For all assays, LNCaP cells were seeded at a density of 1 × 104 cells/mL in 96-well plates with regular growth medium (RPMI 1640 supplemented with FBS and antibiotics) and experiments were carried out on the following day. The effect of HHP on LNCaP cells was assessed by MTT assays. LNCaP cells were treated with the HHP (0, 10, 50, 300 µg/mL) and incubated for 72 h. The MTT assay was performed using the EZ-Cytox Cell Viability Assay Kit (Daeil Lab Service, Seoul, Korea) according to the manufacturer's protocol.
All animal experimental protocols were approved by the institutional animal ethics committee at Chungnam National University.(CNU-00446) Six-week-old healthy male Sprague-Dawley rats were obtained from Orient Bio (Seongnam, Korea). All rats were housed in a pathogen-free animal facility at Chungnam National University with a 12 hours light/dark cycle at 20 – 25 ℃ under the 30 – 35% relative humidity condition and were freely provided with food (Orient Bio) and water. After 7 days of acclimatization, all rats were subcutaneously administered testosterone propionate (3 mg/kg, Tokyo Chemical Ins. Co., Tokyo, Japan) with co-treatment of AJ orally for 28 consecutive days, except for rats in the control groups (n = 7 rats/group). The following groups were used: group 1 (normal control, NC), group 2 (testosterone alone, BPH), group 3 (Fina; BPH+finasteride), group 4 (HHP-10; BPH+HHP 10 mg/kg), group 5 (HHP-50; BPH+HHP 50 mg/kg), and group 6 (HHP-300; BPH+ HHP 300 mg/kg). After the final treatment, all rats were anesthetized with carbon dioxide and sacrificed. The prostate was carefully dissected, weighed, and processed for western blot, histopathological, and immunohistochemistry analyses.
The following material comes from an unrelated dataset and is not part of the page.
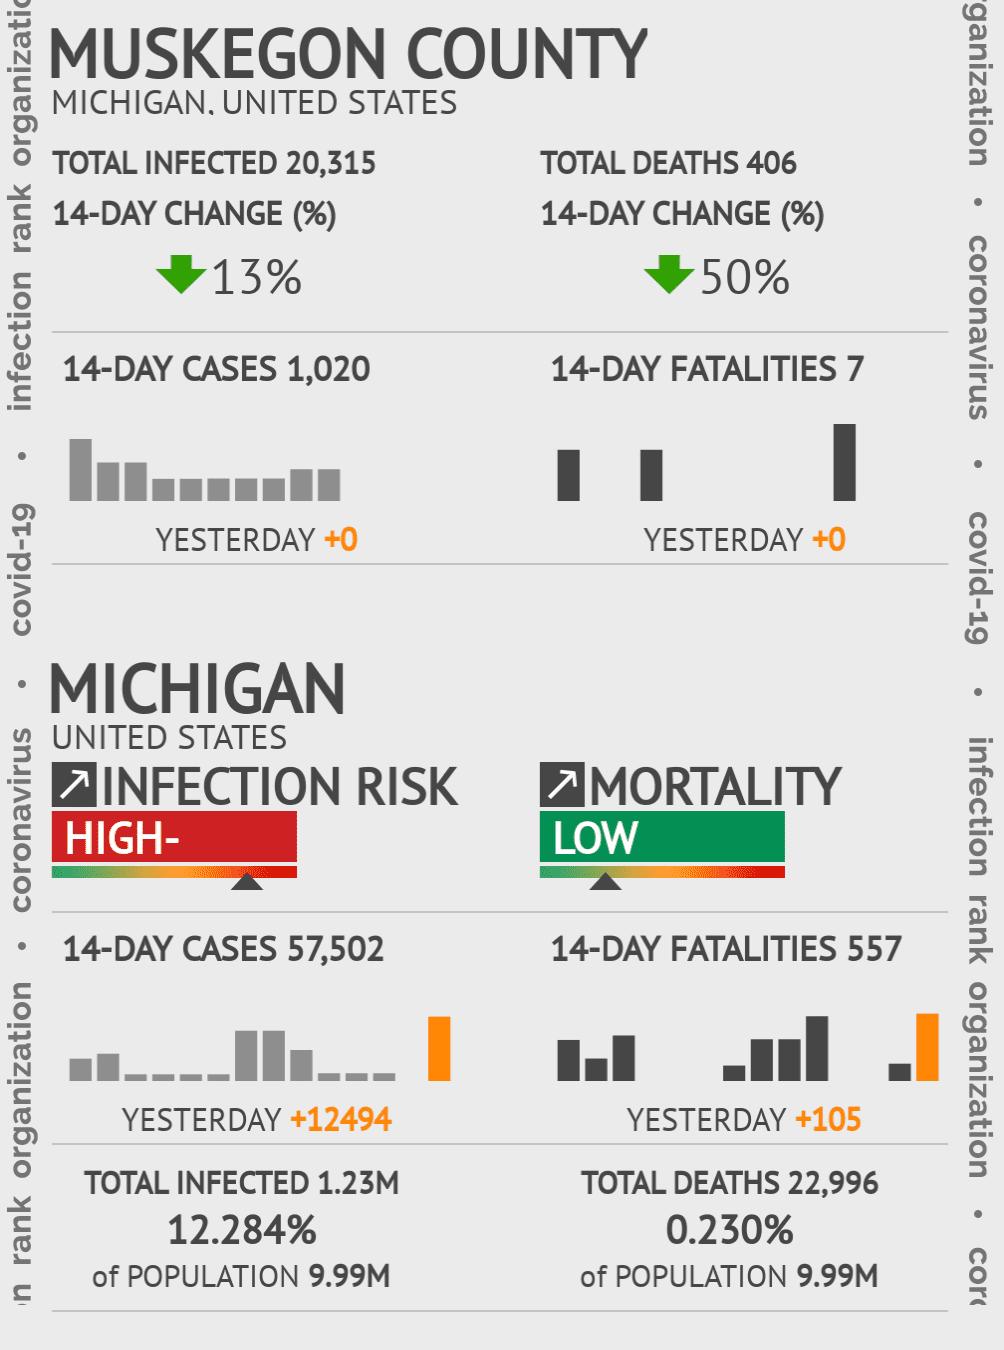 Muskegon County Coronavirus Covid-19 Risk of Infection on February 25, 2021
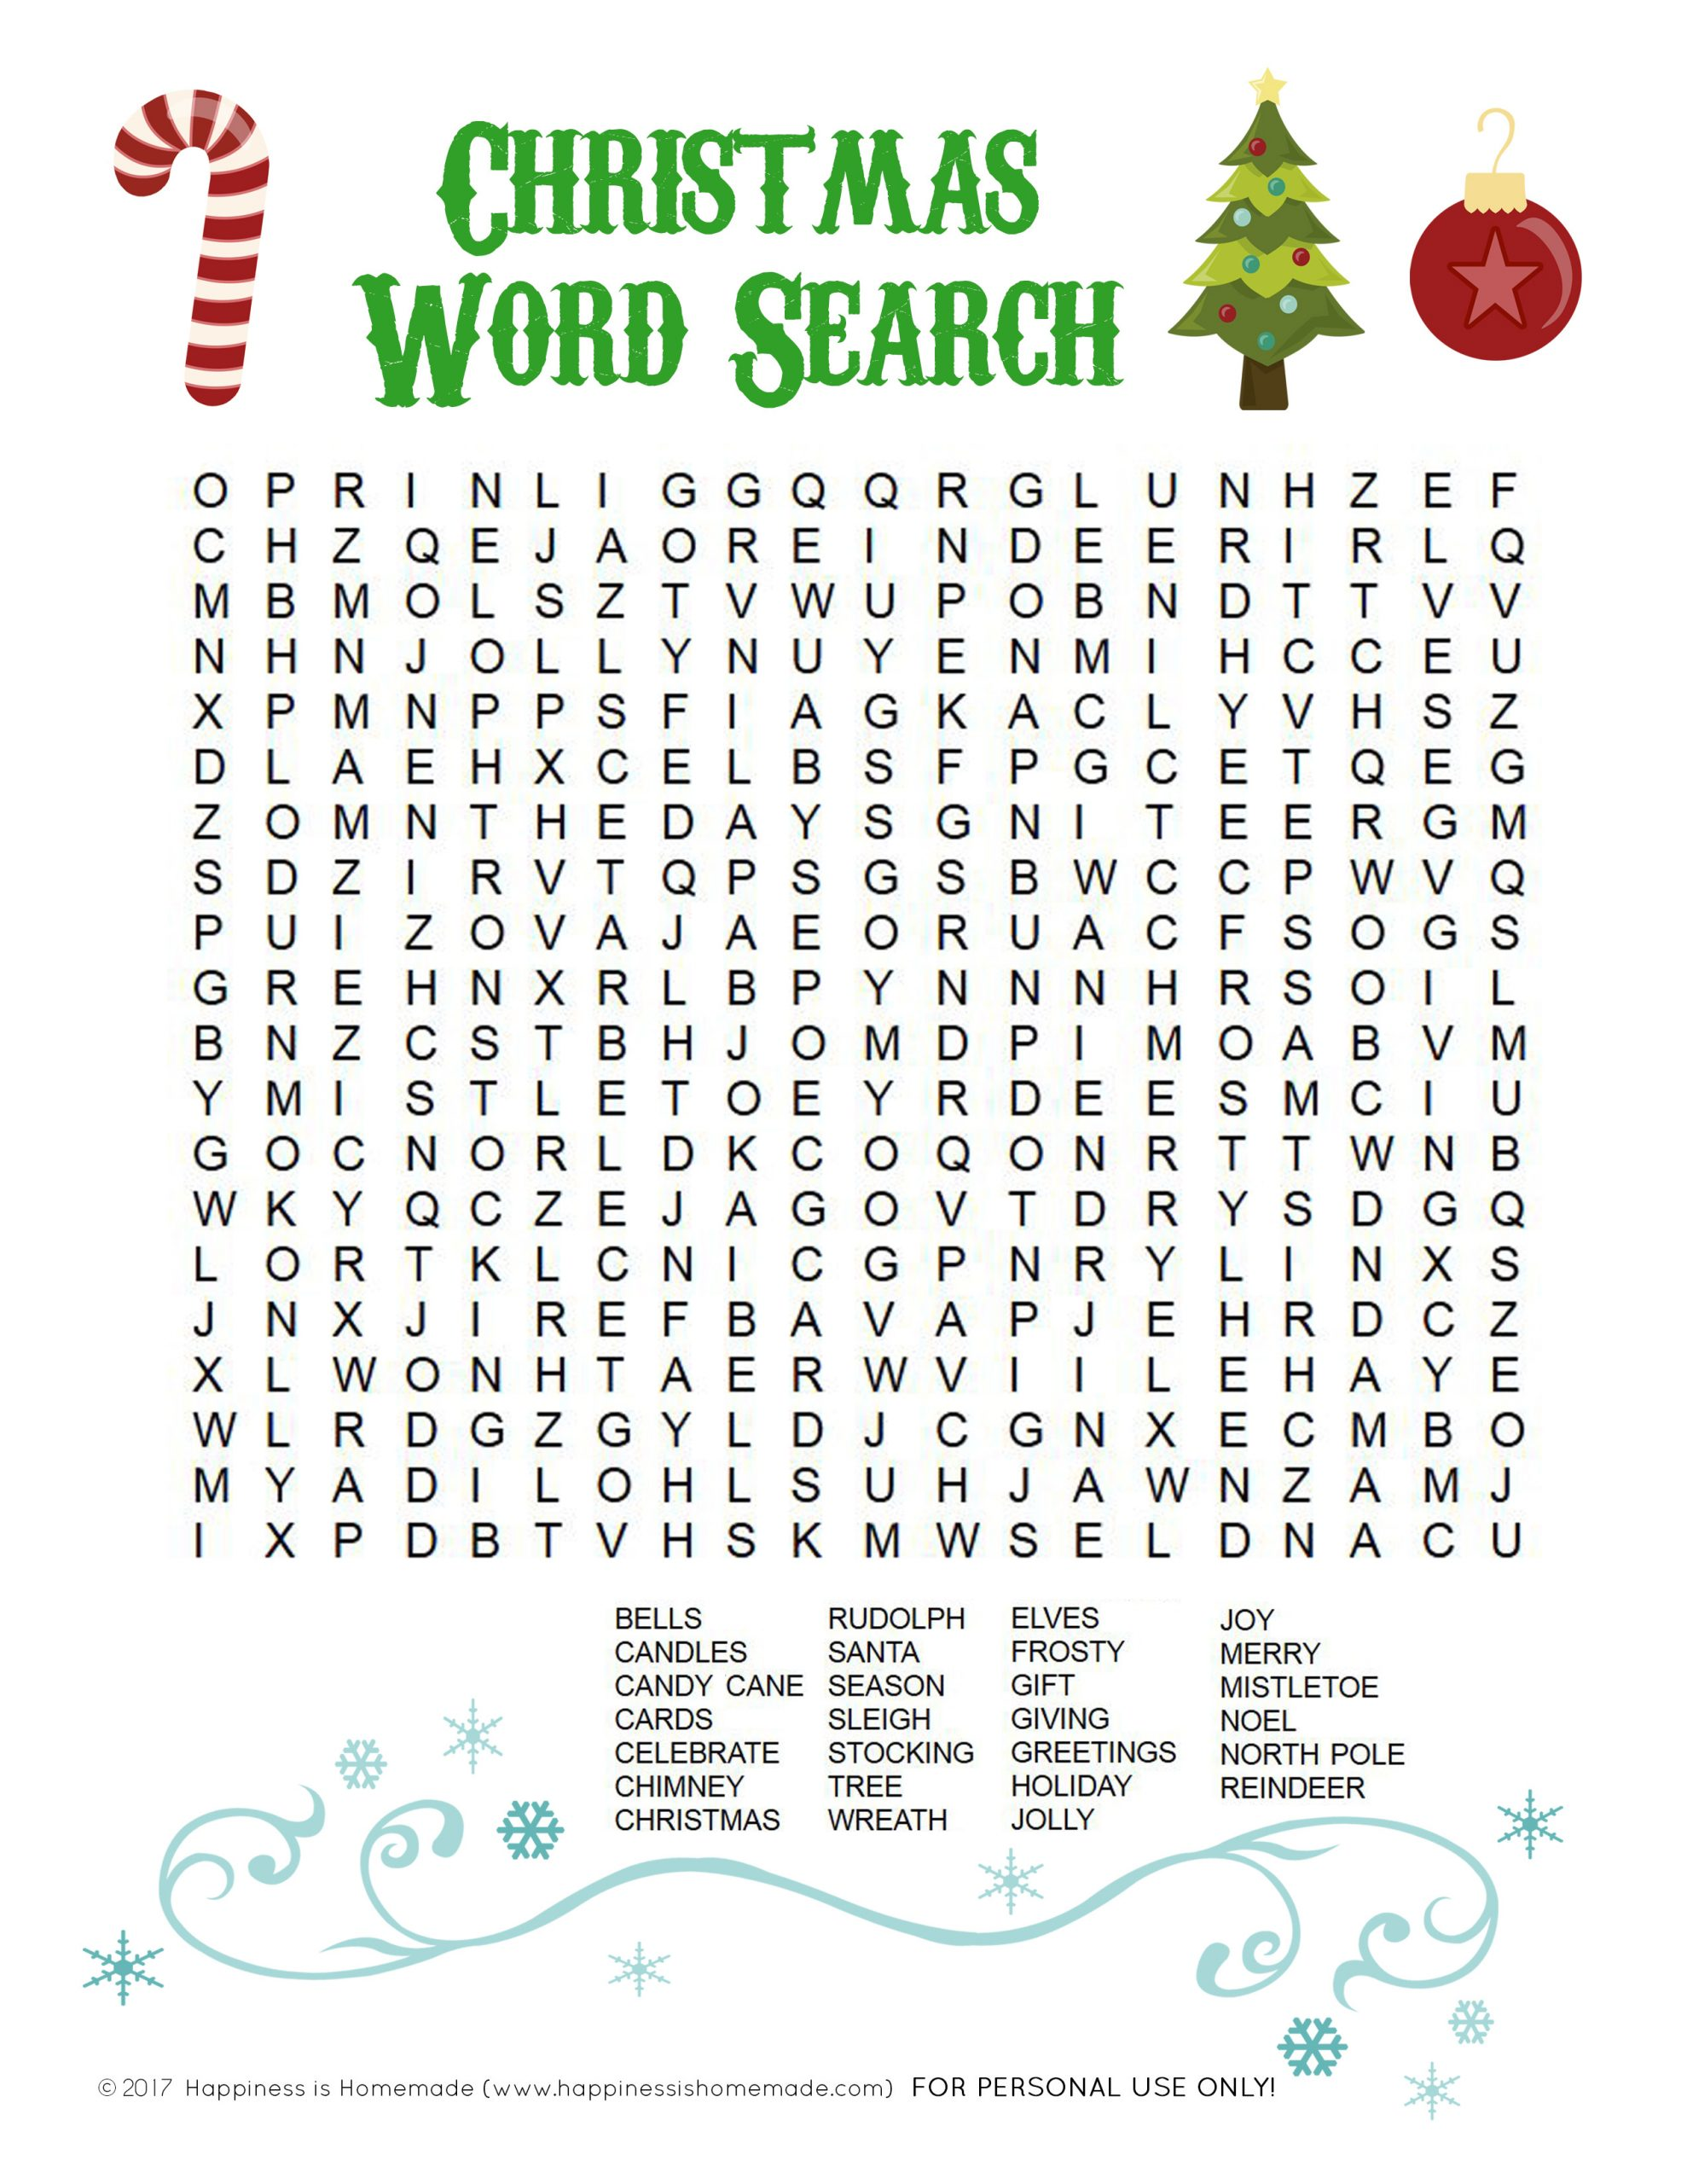 Printable Christmas Word Search For Kids & Adults

Collected cells and frozen prostate tissue samples were homogenized and lysed in RIPA buffer (50 mM Tris-HCl, pH 8.0, 150 mM NaCl, 1% NP-40, 0.5% sodium dodecyl sulfate, protease inhibitor cocktail). The homogenate was centrifuged (12,000 rpm for 20 min at 4 ℃) and the supernatant was analyzed by western blotting. After determining the protein concentration by using the BCA assay, 30 µg of protein was separated by electrophoresis using 8 – 12% sodium dodecyl sulfate gels. Proteins were electrotransferred onto polyvinylidene fluoride membranes in a Semi-Dry Transfer System. The membrane was blocked with 5% skim milk and incubated with the following primary antibodies: anti-PCNA (1:3000, Abcam), anti-androgen receptor (AR, 1:1000, Santa Cruz), anti-PSA (1:1000, Bioworld Technology), and β-actin (1:1000, Abcam). The membranes were washed in PBS-T buffer and incubated with peroxidase-conjugated goat anti-rabbit (1:5000, AbFrontier, Seoul, Korea) or donkey anti-goat (1:5000, Santa Cruz) IgG antibody for 1 hours. Proteins were visualized with an enhanced chemiluminescence detection kit (Amersham).
The prostate was fixed immediately in 10% buffered formalin phosphate solution, embedded in paraffin, and cut into 5-µm sections and processed for histological staining. These serial tissue sections were either stained with hematoxylin and eosin for histological examination or subjected to immunohistochemistry staining.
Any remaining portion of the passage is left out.